Daniel R. Schwarz
Daniel R. Schwarz is Frederic J. Whiton Professor of English Literature and Stephen H. Weiss Presidential Fellow at Cornell University, where he has taught since 1968. He completed his undergraduate studies at Union College and holds a PhD from Brown University. In the fall of 2023, Daniel Schwarz was named The Cornell Daily Sun's 2023-2024 visiting columnist.
He is the author of "Endtimes? Crisis and Turmoil and at the New York Times" (2012). He also writes on both Higher Education and the media for the the Huffington Post. In recent years he published In Defense of Reading: Teaching Literature in the Twenty-First Century (2008) in the prestigious Blackwell Manifesto series. His books include Reading the Modern British and Irish Novel, 1890-1930 (2004), Broadway Boogie Woogie: Damon Runyon and the Making of New York City Culture (2003), Imagining the Holocaust (1999), Rereading Conrad (2001), Reconfiguring Modernism: Explorations in the Relationship Between Modern Art and Modern Literature (1997), Narrative and Representation in Wallace Stevens (1993)--a Choice selection for best academic book of 1993; The Case for a Humanistic Poetics (1991), The Transformation of the English Novel, 1890-1930 (1989; revised 1995), Reading Joyce's "Ulysses" (2004; orig. ed 1987); The Humanistic Heritage: Critical Theories of the English Novel from James to Hillis Miller (1986); Conrad: The Later Fiction (1982); Conrad: "Almayer's Folly" through "Under Western Eyes" (1980); and Disraeli's Fiction (1979).

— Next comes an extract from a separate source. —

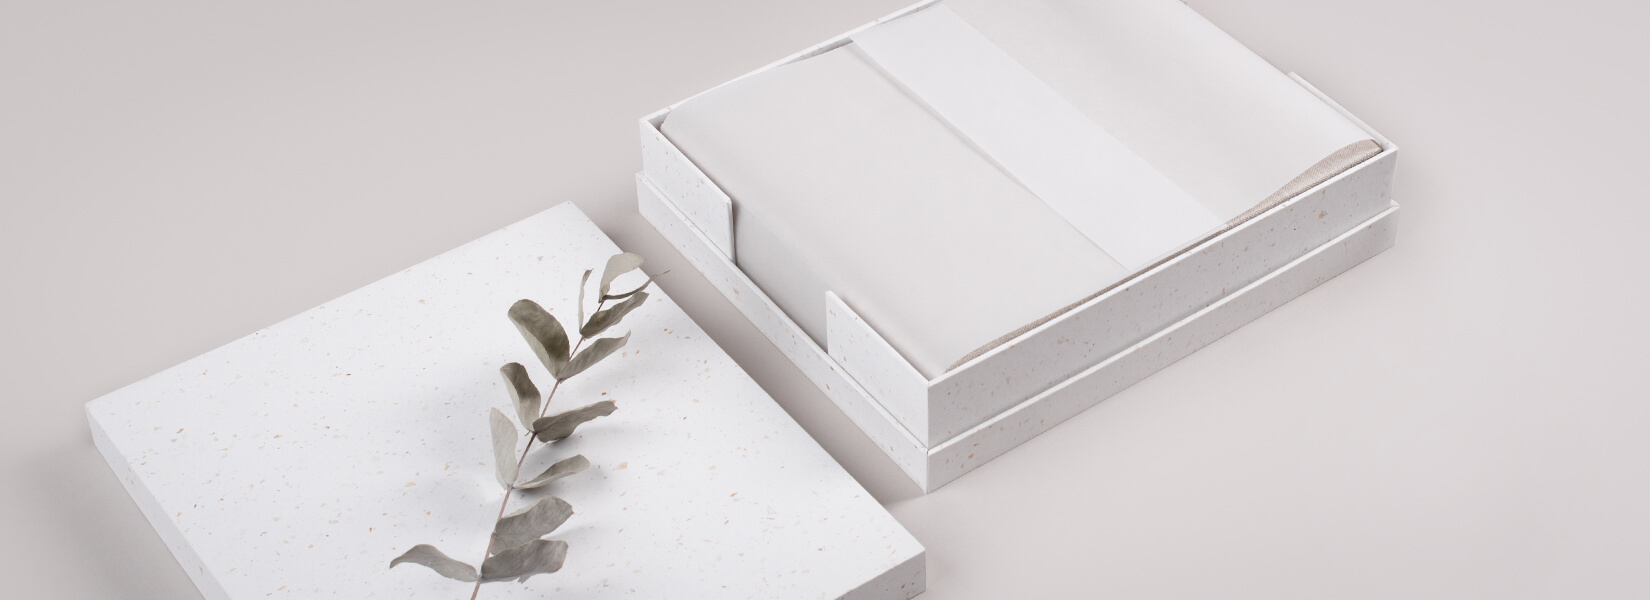 Öko-Geschenkschachtel mit weißem Pergamentpapier

He has edited Joyce's The Dead (1994) and Conrad's The Secret Sharer (1997) in the Bedford Case Studies in Contemporary Criticism Series, and co-editor of Narrative and Culture (1994). He has also edited the Penguin Damon Runyon (2008). He served as consulting editor of the six-volume edition of The Early Novels of Benjamin Disraeli (2004) for which he wrote the General Introduction. He is General Editor of the multi-volume critical series Reading the Novel for which he wrote Reading the Modern British and Irish Novel, 1890-1930 (2004) and is now writing Reading the European Novel, a two volume critical study of major works from Cervantes' Don Quixote to di Lampedusa's The Leopard (under contract with Wiley-Blackwell). The first volume on the European novel will include, among others, works by Cervantes, Tolstoy, Dostoevsky, Flaubert, Balzac, Stendhal, Zola. The second volume on the European novel since 1900 will include Proust, Mann, Camus, Kafka, di Lampedusa, Bassani, Kertesz, Pamuk, and Saramago.
Schwarz has directed nine NEH seminars, and has lectured widely in the United States and abroad, including a number of lecture tours under the auspices of the academic programs of the USIS and State Department. He has held three endowed visiting professorships. He also has written and published about 90 poems.
Schwarz is Faculty President of the Cornell chapter of Phi Beta Kappa as well as the longtime Faculty Advisor to the English Club and the Men's Varsity Tennis Team. He is active in the Presidential Research and College Scholar programs.